3. Beppu T. (2014). The role of MR imaging in assessment of brain damage from carbon monoxide poisoning: a review of the literature. American Journal of Neuroradiology. 35(4), 625-631.
4. O'donnell P, Buxton PJ, Pitkin A and Jarvis LJ. (2000). The magnetic resonance imaging appearances of the brain in acute carbon monoxide poisoning. Clinical radiology. 55(4), 273-280.
5. Chu K, Jung KH, Kim HJ, Jeong SW, et al. (2004).
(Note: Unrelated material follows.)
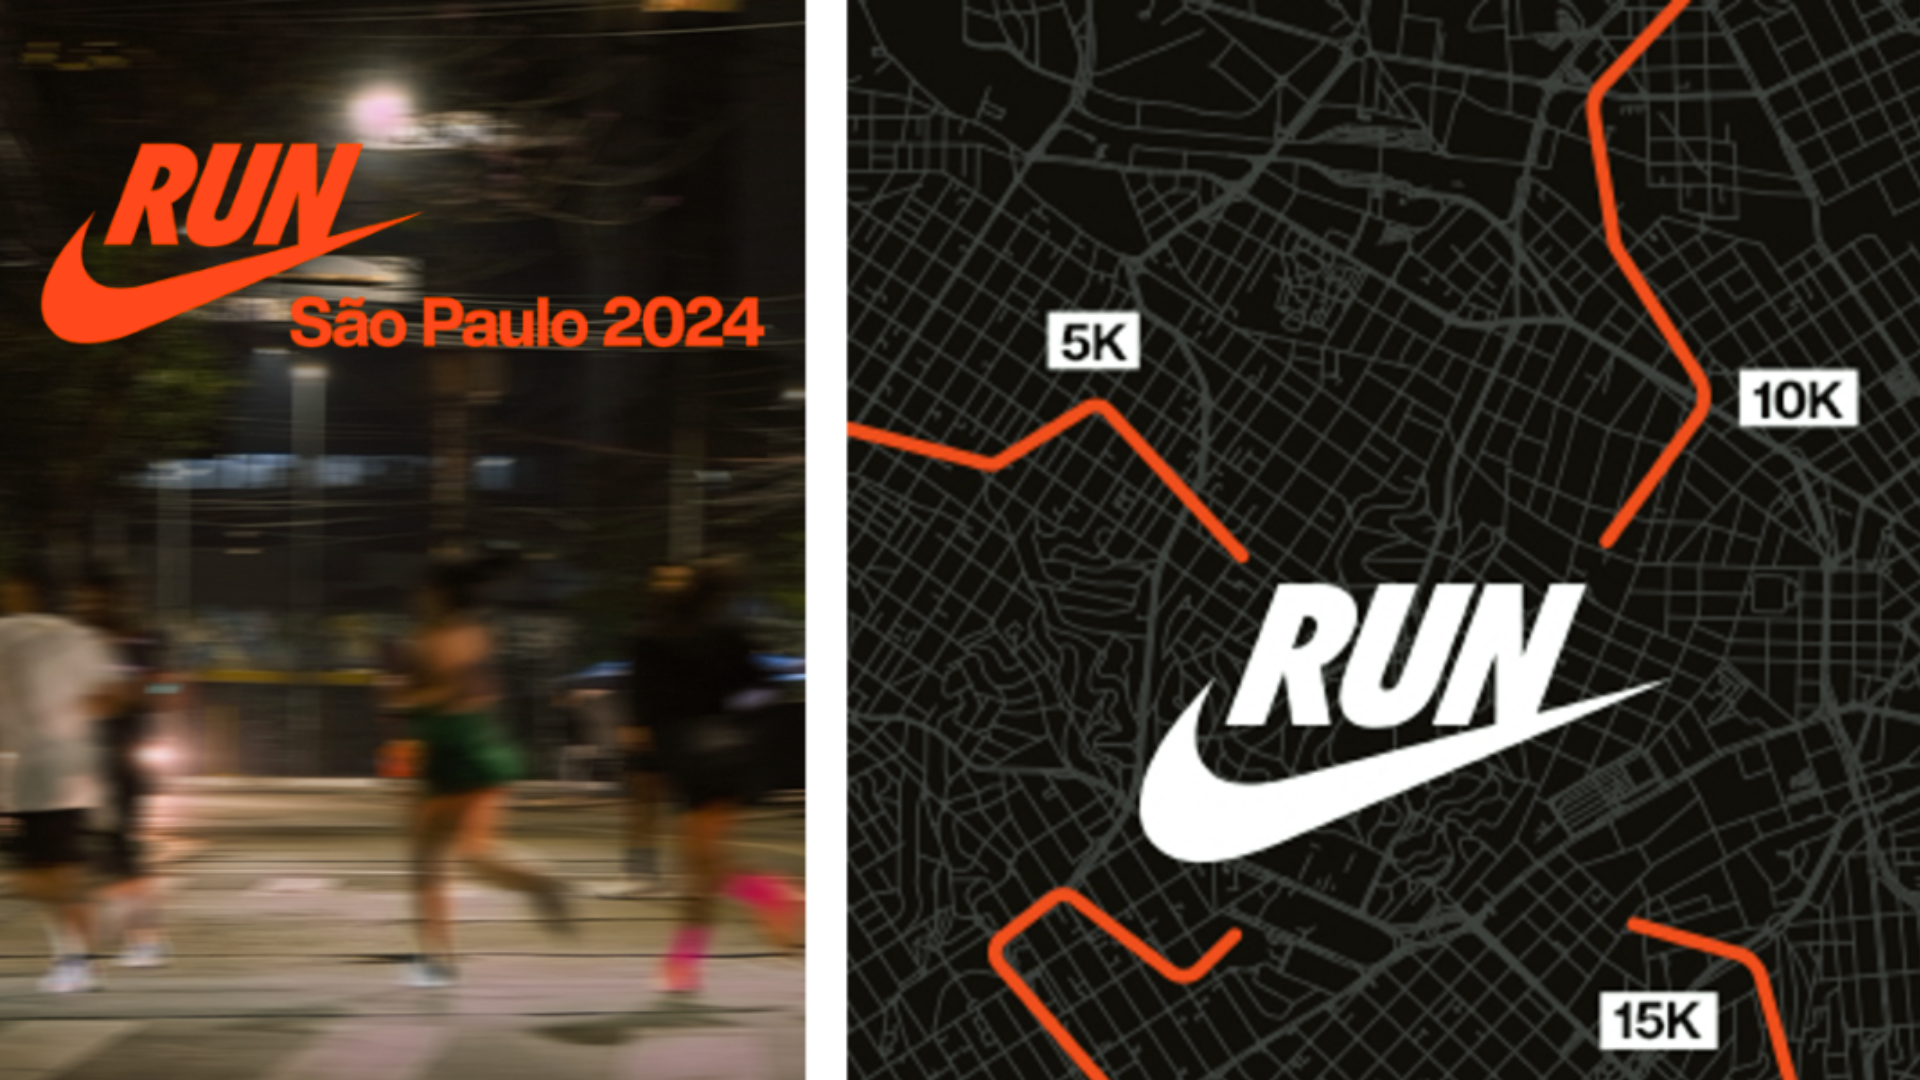 Nike São Paulo Run retorna em 2024 com novo formato e múltiplos pontos de largada

Diffusionweighted MRI and 99mTc-HMPAO SPECT in delayed relapsing type of carbon monoxide poisoning: evidence of delayed cytotoxic edema. European neurology. 51(2), 98-103.
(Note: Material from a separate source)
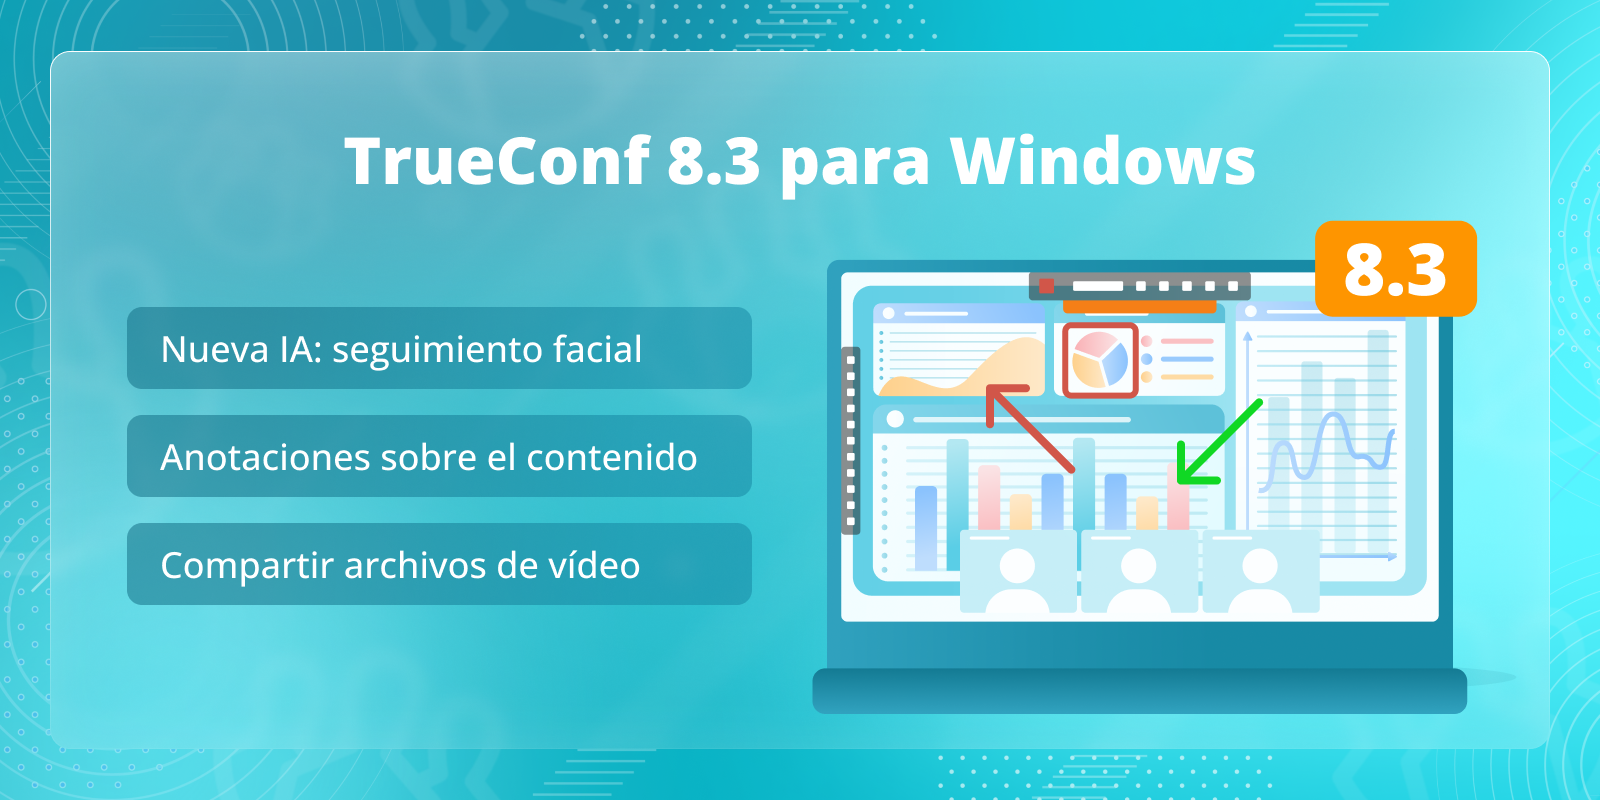 TrueConf 8.3 para Windows: Nueva función basada en IA, anotaciones sobre el contenido y compartir archivos de video 1

6. Kinoshita T, Sugihara S, Matsusue E, Fujii S, et al. (2005). Pallidoreticular damage in acute carbon monoxide poisoning: diffusion-weighted MR imaging findings. American Journal of Neuroradiology. 26(7), 1845-1848.
7. Sener RN. (2003). A cute carbon monoxide poisoning: diffusion MR imaging findings. American journal of neuroradiology. 24(7), 1475-1477.
8. Chang KH, Han MH, Kim HS, Wie BA, et al. (1992). Delayed encephalopathy after acute carbon monoxide intoxication: MR imaging features and distribution of cerebral white matter lesions. Radiology. 184(1), 117-122.
9. Omaye ST. (2002). Metabolic modulation of carbon monoxide toxicity. Toxicology. 180(2), 139-150.
10. Davin KQ, McGahee SM, Politte LC, Duncan GN, et al. (2009). Complications of carbon monoxide poisoning: a case discussion and review of the literature. Prim Care Companion J Clin Psychiatry. 11(2), 74-79.
11. Silver DAT, Cross M, Fox B and Paxton RM. (1996). Computed tomography of the brain in acute carbon monoxide poisoning. Clinical radiology. 51(7), 480-483.